==== DATA ====
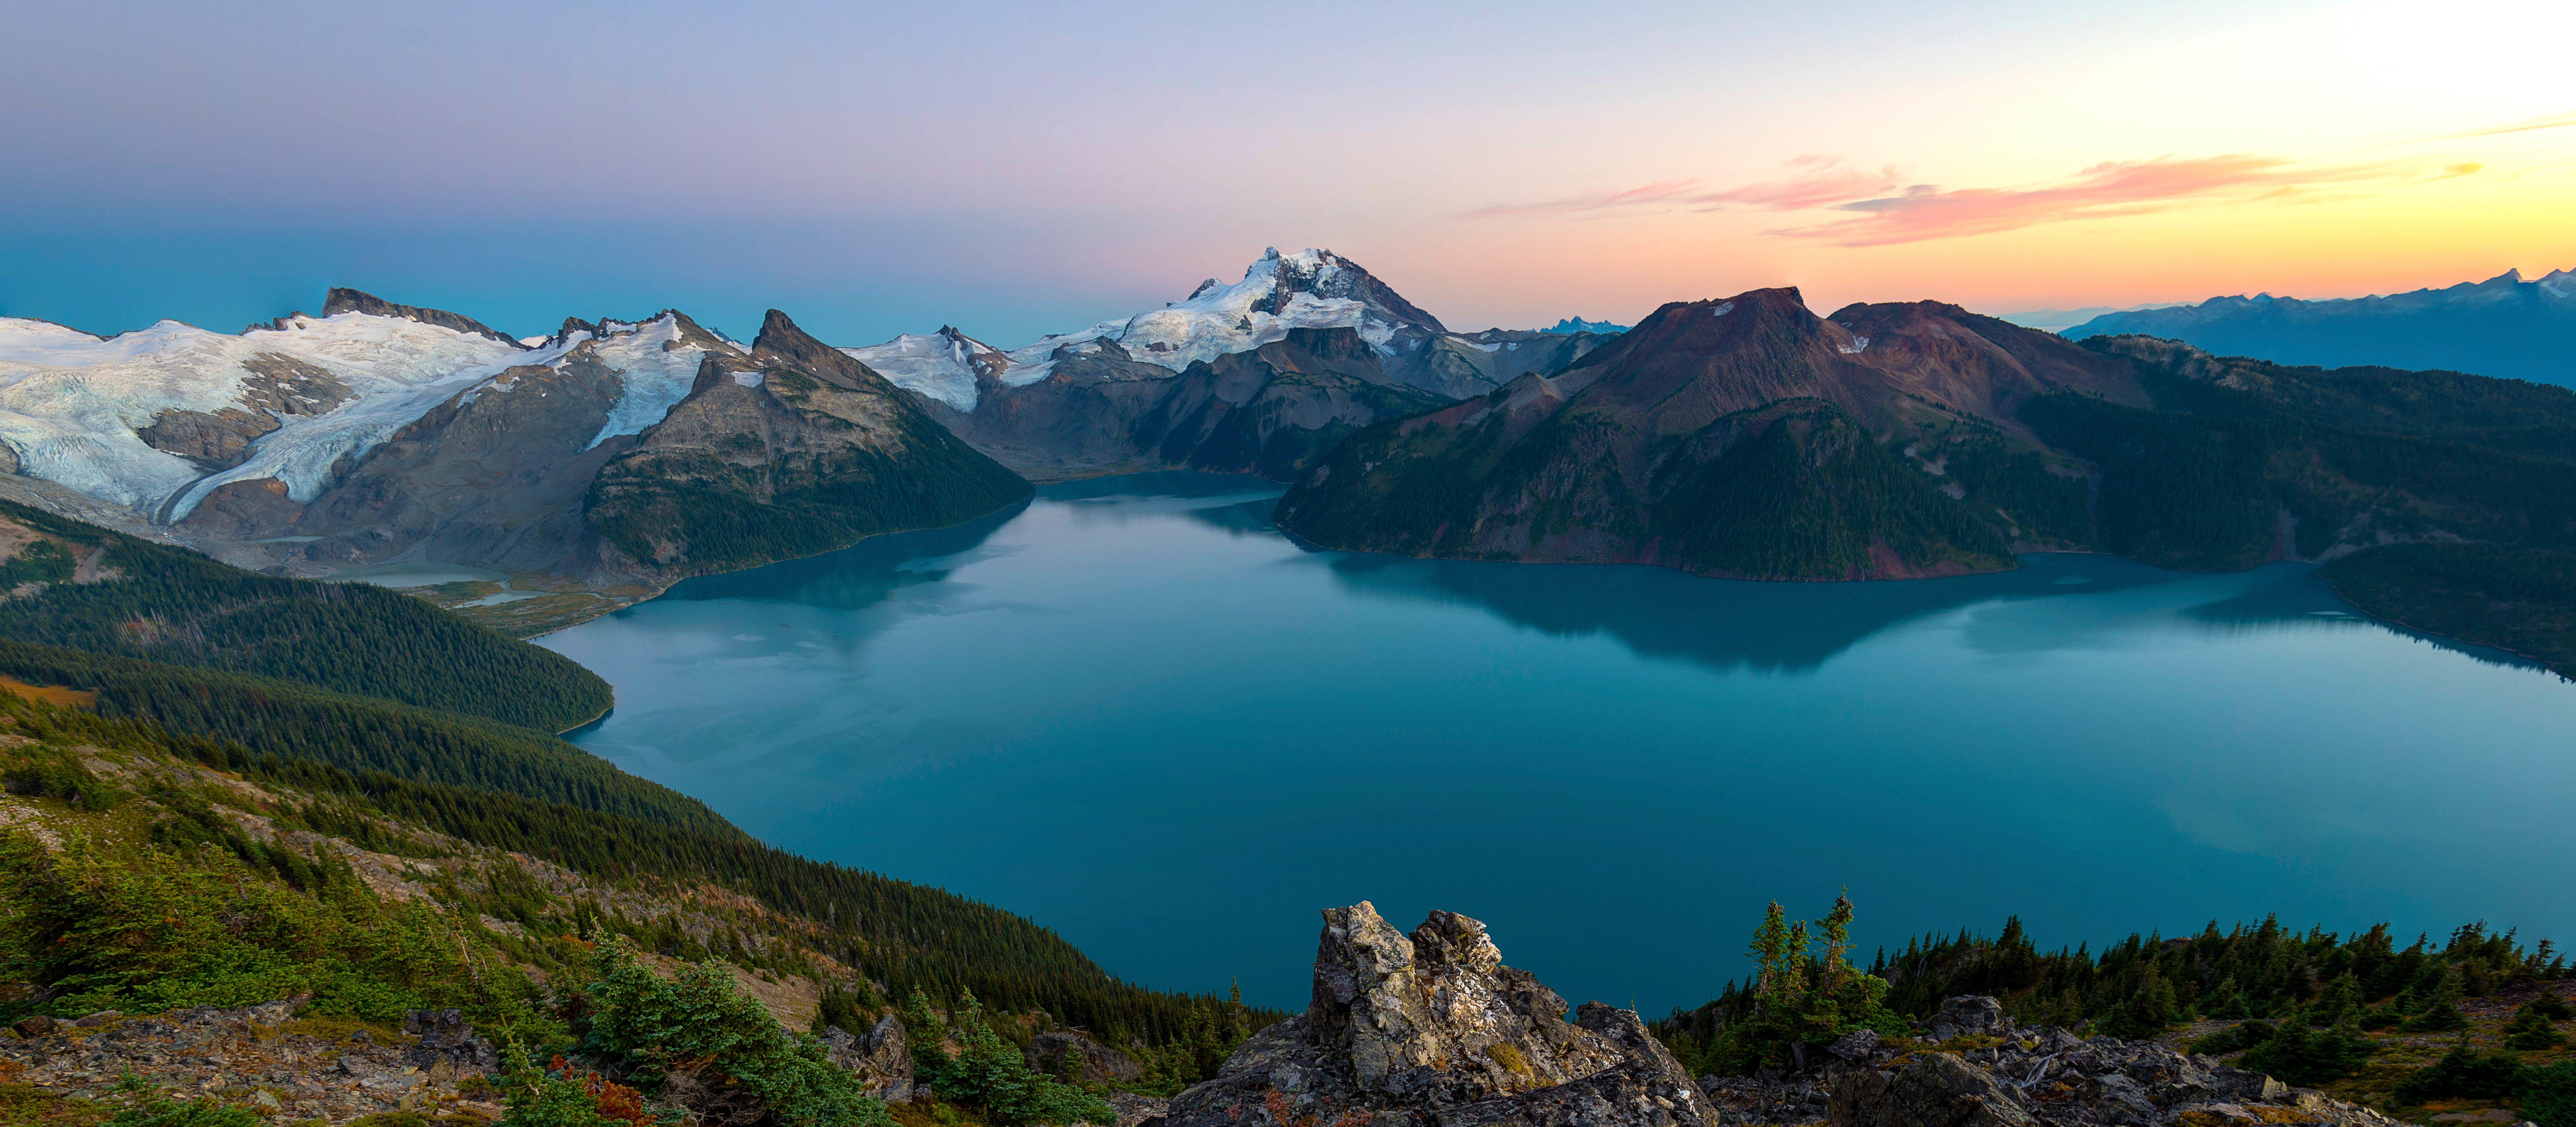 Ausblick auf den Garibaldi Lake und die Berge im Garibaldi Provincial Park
====
==== DATA ====
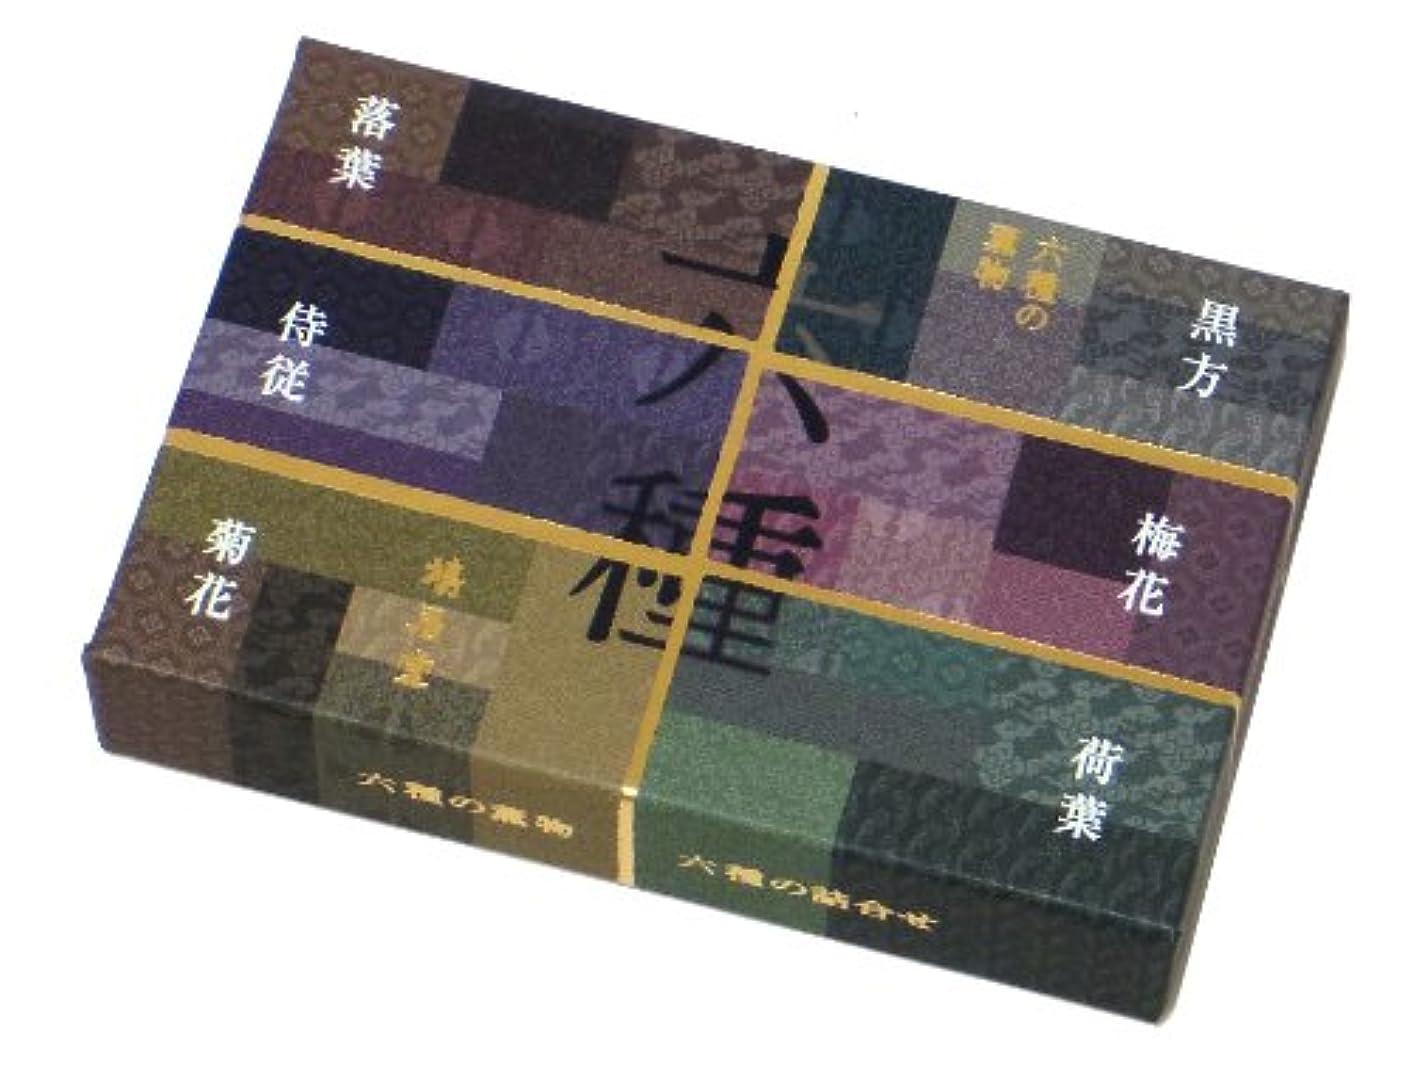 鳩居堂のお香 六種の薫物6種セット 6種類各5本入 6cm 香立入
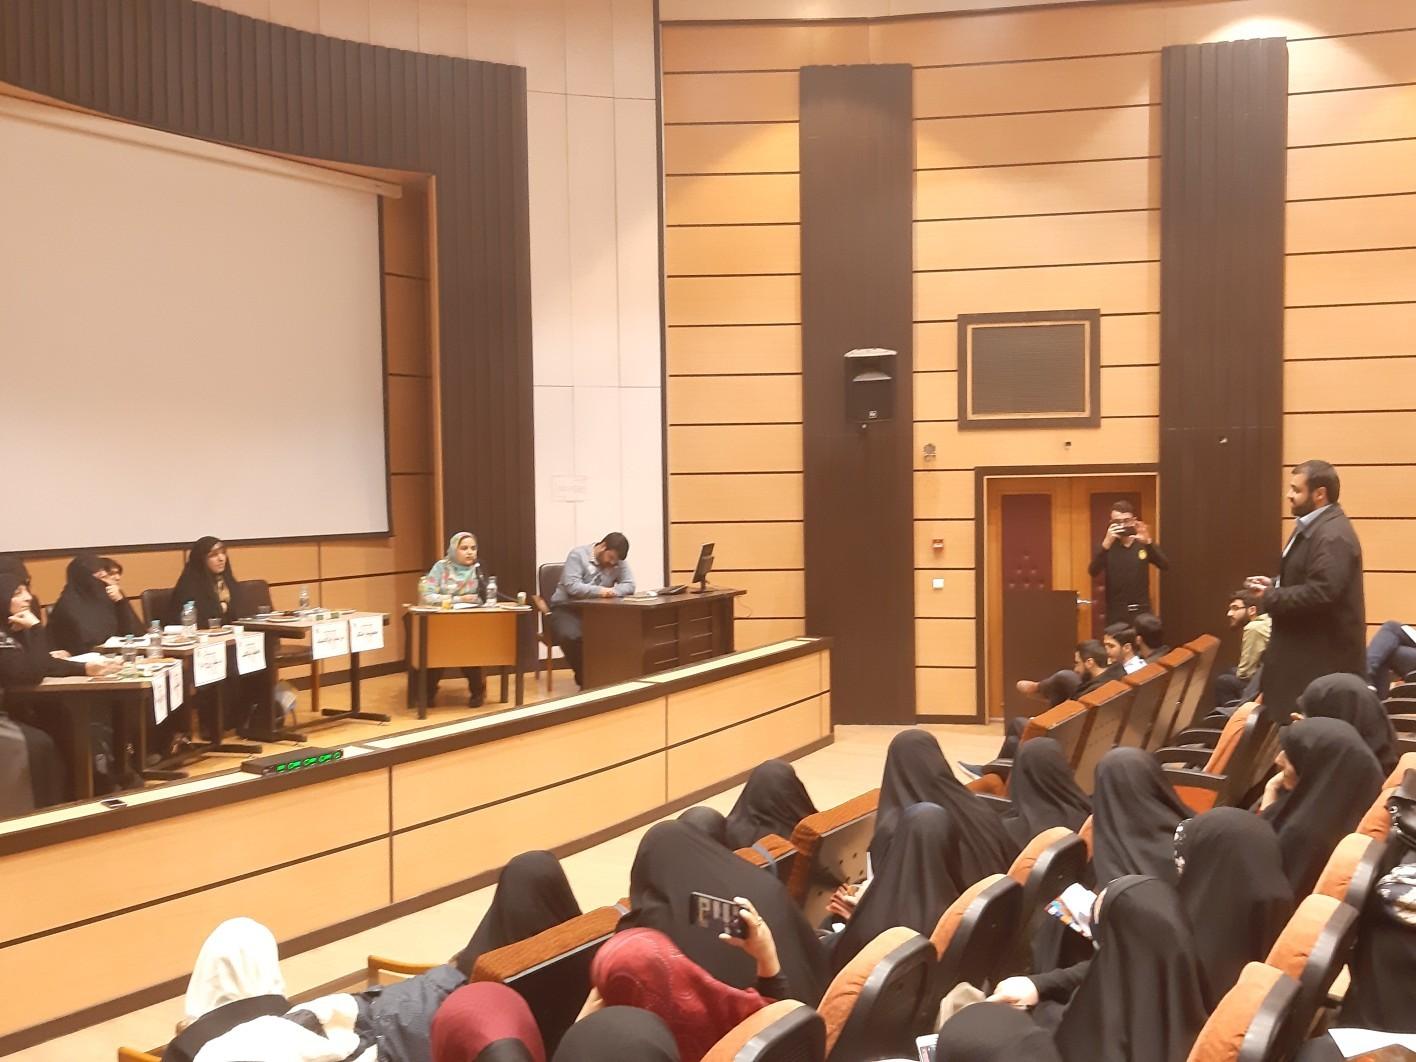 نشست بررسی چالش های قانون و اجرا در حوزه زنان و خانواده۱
====
==== DATA ====
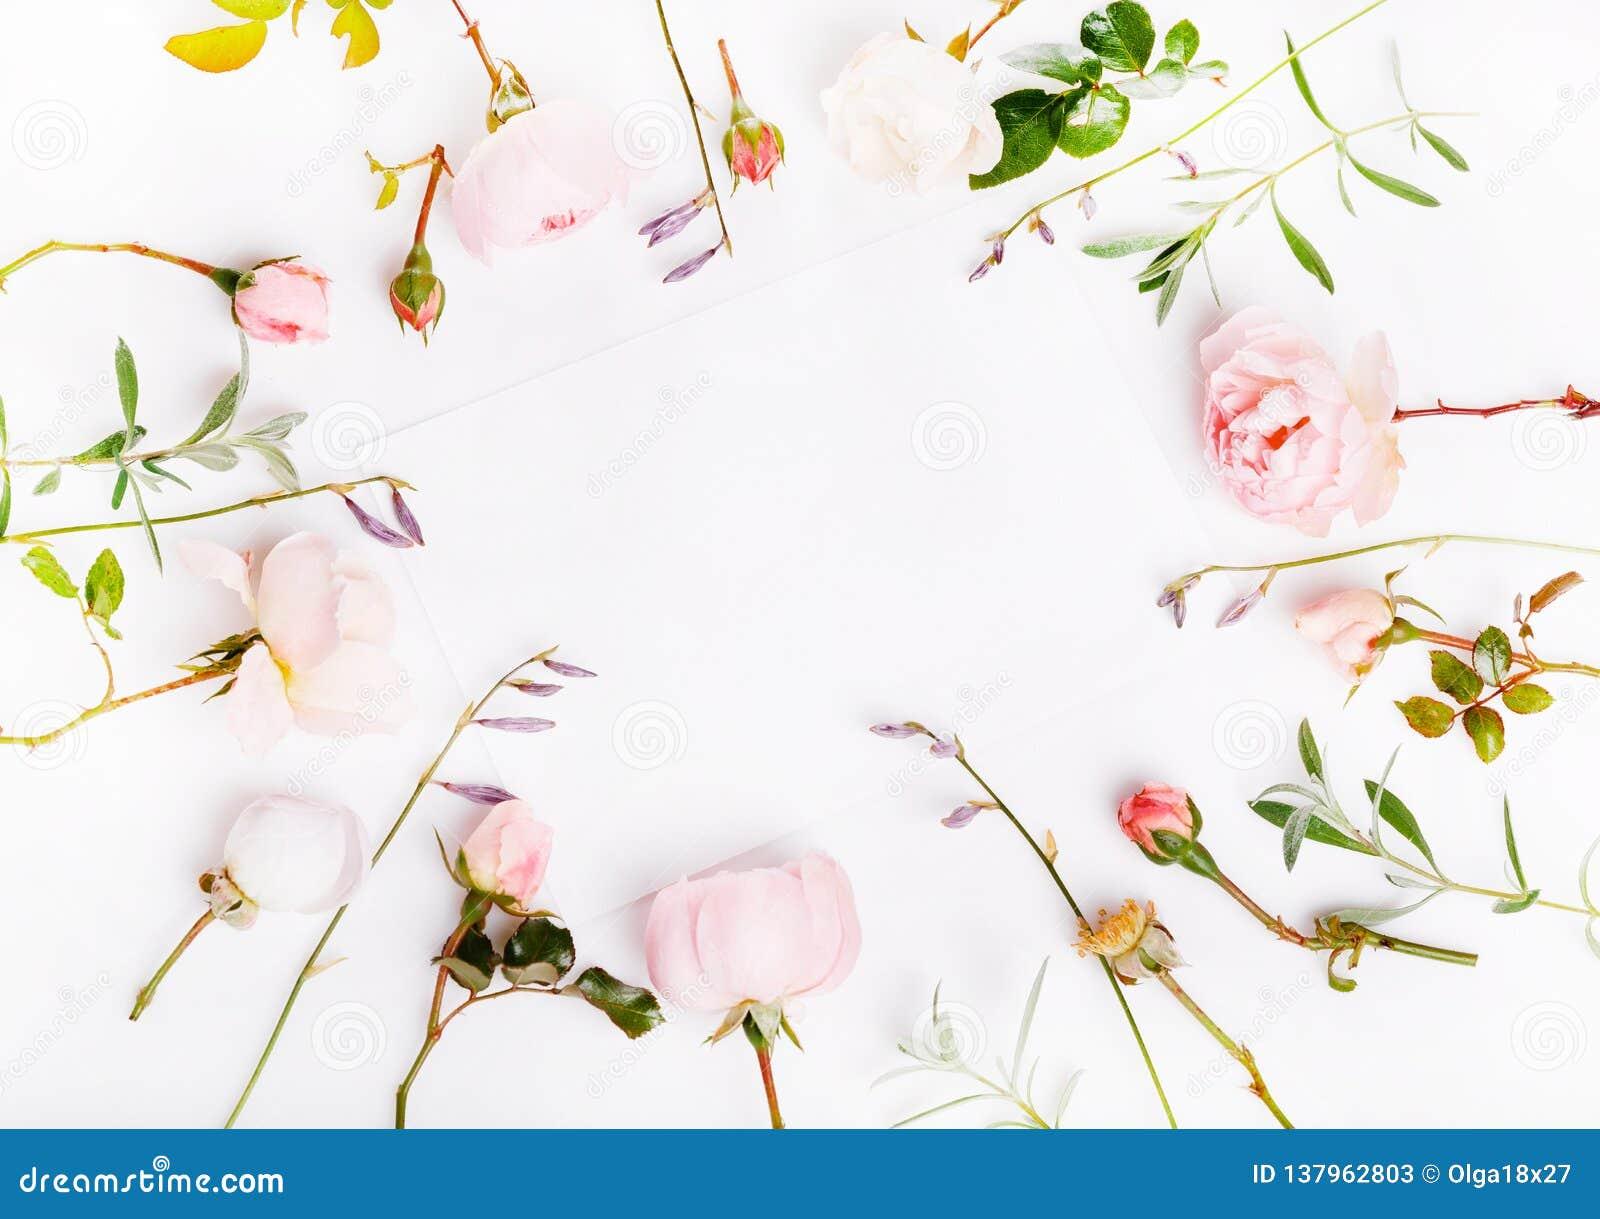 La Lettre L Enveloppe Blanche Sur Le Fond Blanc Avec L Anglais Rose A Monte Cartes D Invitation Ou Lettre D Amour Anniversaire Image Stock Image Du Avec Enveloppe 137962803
====
PROBLEM DETAILS —
Transcribe, word for word, the stretch of lines in the data above from the one with "鳩居堂のお香 六種の薫物6種セット 6種類各5本入 6cm 香立入" through the one with "نشست بررسی چالش"; omit all pictures.

ANSWER SPACE —
 鳩居堂のお香 六種の薫物6種セット 6種類各5本入 6cm 香立入
 نشست بررسی چالش های قانون و اجرا در حوزه زنان و خانواده۱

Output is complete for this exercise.